Total nonfarm payroll employment in the U.S. rose by an unexpectedly strong 228,000 in March, while the unemployment rate changed little at 4.2 percent, the U.S. Bureau of Labor Statistics reports. The latest job increase came on the heels of an unexpectedly sluggish 117,000 (revised) figure for February.

The biggest March job gains occurred in health care, social assistance, and transportation/ warehousing. Employment also increased in retail trade, partially reflecting the return of workers from a strike. Federal government employment declined.

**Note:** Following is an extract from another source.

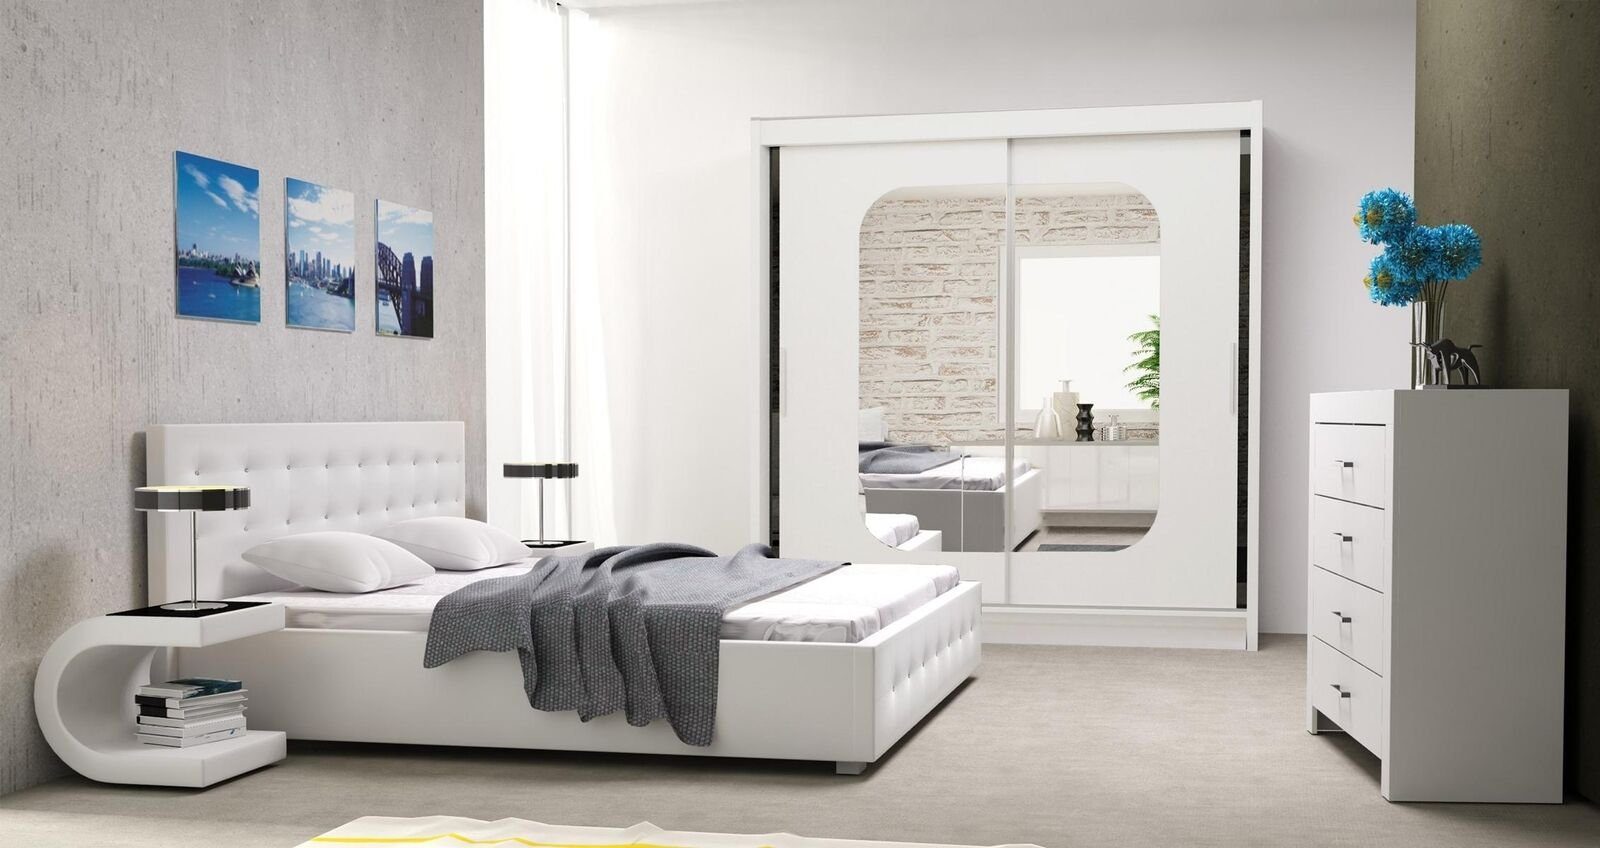 JVmoebel Bett, Bett Polster Design Luxus Doppel Betten Weiß 160x200cm

Specifically in the retail trade sector, 24,000 jobs were added in March, as workers returning from a strike contributed to a job gain in food and beverage retailers (+21,000). (Editor’s note: the government did not disclose specifically what work stoppage/settlement it was refering to.) While general merchandise retailers lost 5000 jobs, overall, employment in the sector changed little over the year.

In its coverage of the news, CNBC noted that the positive jobs numbers were overshadowed by the Trump administration’s recent announcement to start implementing widespread tariffs on imported goods.

“Today’s better-than-expected jobs report will help ease fears of an immediate softening in the U.S. labor market,” said Lindsay Rosner, Head of Multi-Sector Fixed Income Investing at Goldman Sachs Asset Management, told the news service. “However, this number has become a side dish with the market just focusing on the entrée: tariffs.”

In a similar vein, Glen Smith, Chief Investment Officer at GDS Wealth, told CNBC that while latest jobs report “showed that the economy is still adding jobs even with the tariff uncertainty and federal job cuts, the data is backward looking and doesn’t say anything about how employers might fare over the coming months.”